浅田次郎作品は、とにかく一時期モーレツに読み漁りました。
もう何をどれだけ読んだか憶えていない。

作品によっては、読み始めたら止まらないほどの筆力を持つ作家であると断言できます。

陸上自衛隊を経て様々な職を転々としながら、執筆活動を続け、1995年「地下鉄《メトロ》に乗って」で吉川英治新人賞を皮切りに数々の賞を獲得し、2015年には紫綬褒章まで受賞されています。

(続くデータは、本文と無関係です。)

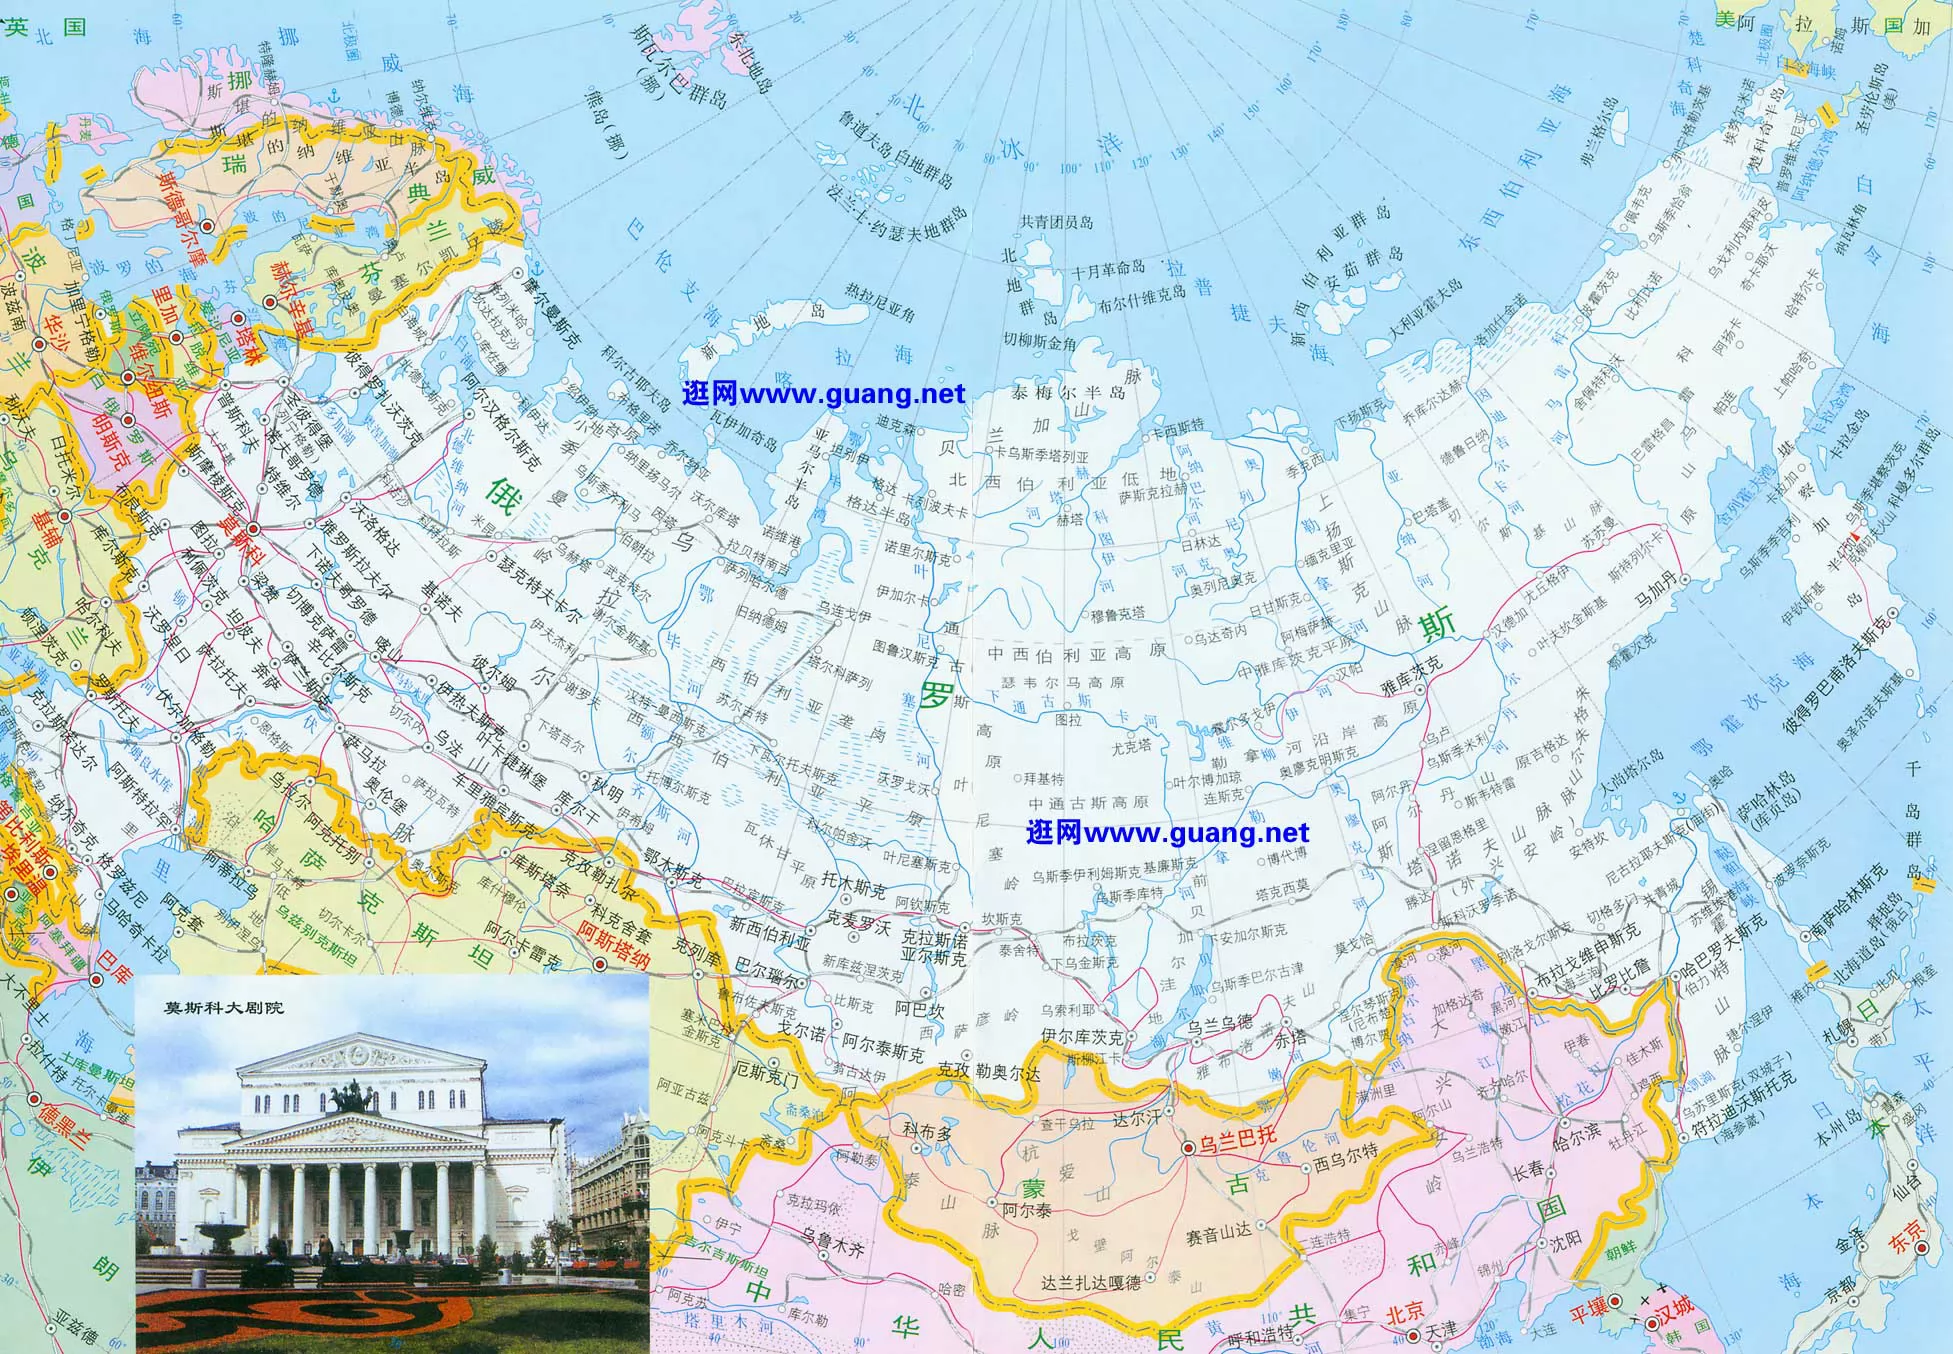 俄罗斯地图高清大图_俄罗斯地图中文版高清版大图 - 随意贴

そんな浅田次郎氏の多数の作品の中で、心に残る作品を一気に紹介しようと思ったのですが、多すぎてとても収まらず、不定期に3回ぐらいに分けて記事にしたいと思います。


蒼穹そうきゅうすばる

中国の清朝末期を描いた、とにかく壮大な物語!
日本の幕末~維新に匹敵するもので、中国史における大変革がありました。

最後は1911年から始まった「辛亥革命」により翌年の1912年に268年も続いた清朝は滅亡します。

辛亥革命とは
1911年の
干支である辛亥に因む。10月に孫文の影響を受けた革命軍が武昌漢陽を武力制圧し、黎元洪を都督として中華民国軍政府が成立を宣言した。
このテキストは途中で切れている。